I have been using your script without any issue, until I had a data set with different row numbers (I mentioned above). So far, I had processed more than 5 groups of data sets (in each group I had 30 excel files), where in I did not face this kind of problem. Moreover, even I do not expect that, I would face this kind of issue. I thought, my data files have the same number of rows and columns. But, while processing multiple data files, I came to know that it differs. This is why I could not mention it earlier.

 Given this new information that files 6 to 10 (is it always 6 to 10, or s 6 to 10 just as an example; 

It is an example only. My data set would not be same as I mentioned above. In some cases, each file differ in terms of row number (number of rows are not same for all the files). Whereas, the number of columns are same for all the files.

is it org6.xls through org10.xls inclusive or does org10.xls go back to three lines) may have different numbers of lines than other files with no prior knowledge about which files are "short" or "long", how would you propose modifying any of the scripts suggested in post #22 to get the output you want based on this new information?
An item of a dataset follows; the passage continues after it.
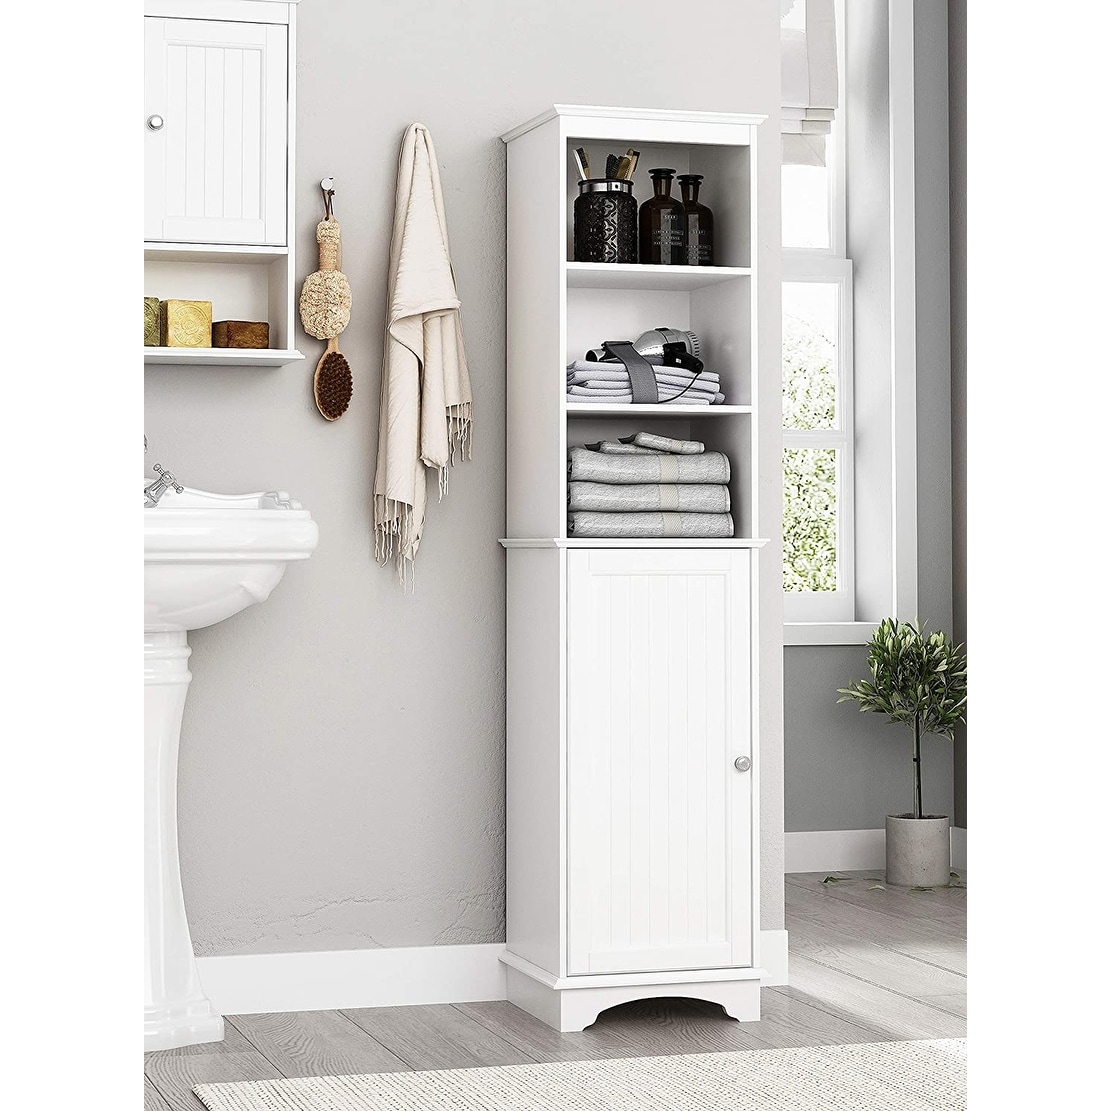 Details about   3 Tier Wooden Bathroom Cabinet Storage Rack Free Standing Shelf Organizer 
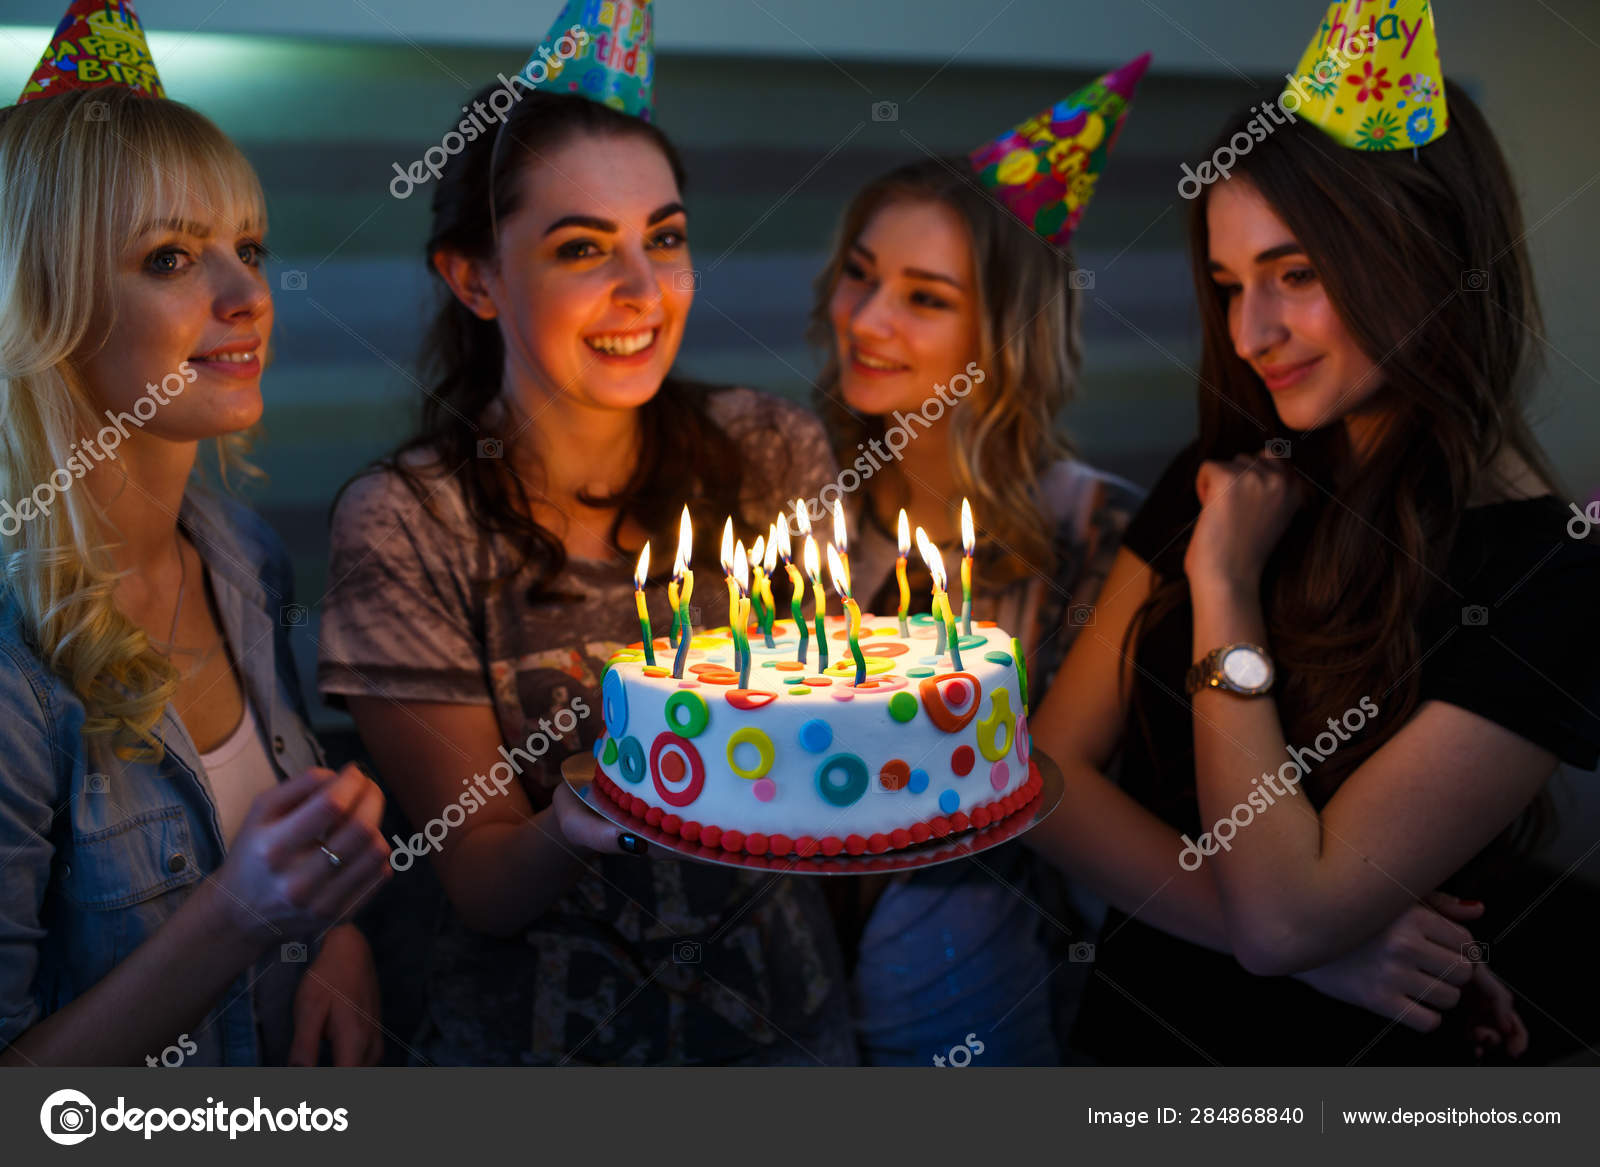 Teenage Girl Balloons Birthday Cake Posing Stock Photo 1506545147 |  Shutterstock

I need to copy only the field/column number 1 and 5 regardless of the number of rows each file have. It would be tedious to know which file is short and which file is long when I have 50 or 60 excel files.
If it a prerequisite to know, which file is short and which file is long to write a script for the same, I would not have asked for help.

You never said that any of the code that I had previously suggested worked for any of your data sets. You only said that there was a problem because the number of lines in files 6 through 10 only had two lines instead of three.

One possible solution would be to add empty rows to all of the files that have fewer rows than the longest file. If you did that as a first step, all of the existing scripts might do what you wanted. And, if you knew that files 6 - 10 would always contain one line less than the other files, it would be very easy to add an empty line to those four or five files without making the other processing any more complex.

Assuming that you will always have at least one file that is named orgdigits.xls where digits is a single digit and at least one file where digits is two digits and that you will never have any files where digits is more than two digits, one could try:

awk -v OFS='\t' '
FNR == 1 {
	file_cnt++
}
{	data[file_cnt, 1, FNR] = $1
	data[file_cnt, 2, FNR] = $5
	if(FNR > line_cnt)
		line_cnt = FNR
}
END {	for(i = 1; i <= line_cnt; i++)
		for(j = 1; j <= file_cnt; j++)
			printf("%s%s%s%s",  data[j, 1, i], OFS, data[j, 2, i],
			    (j == file_cnt) ? ORS : OFS)
}
' org?.xls org??.xls > concats.xls

but I am disappointed that you were unwilling to make any attempt to solve this new wrinkle on your own.

With the other suggestions in post #22, I assume that you would be able to modify the last line of this code to handle any number of input files.

2 Likes

Dear don,
Yes indeed, I could modify the last line of the code as per my need. Your code works perfectly fine. I have realised that, I need to fix the problem by myself. Thank you for your critical comments, suggestions and help.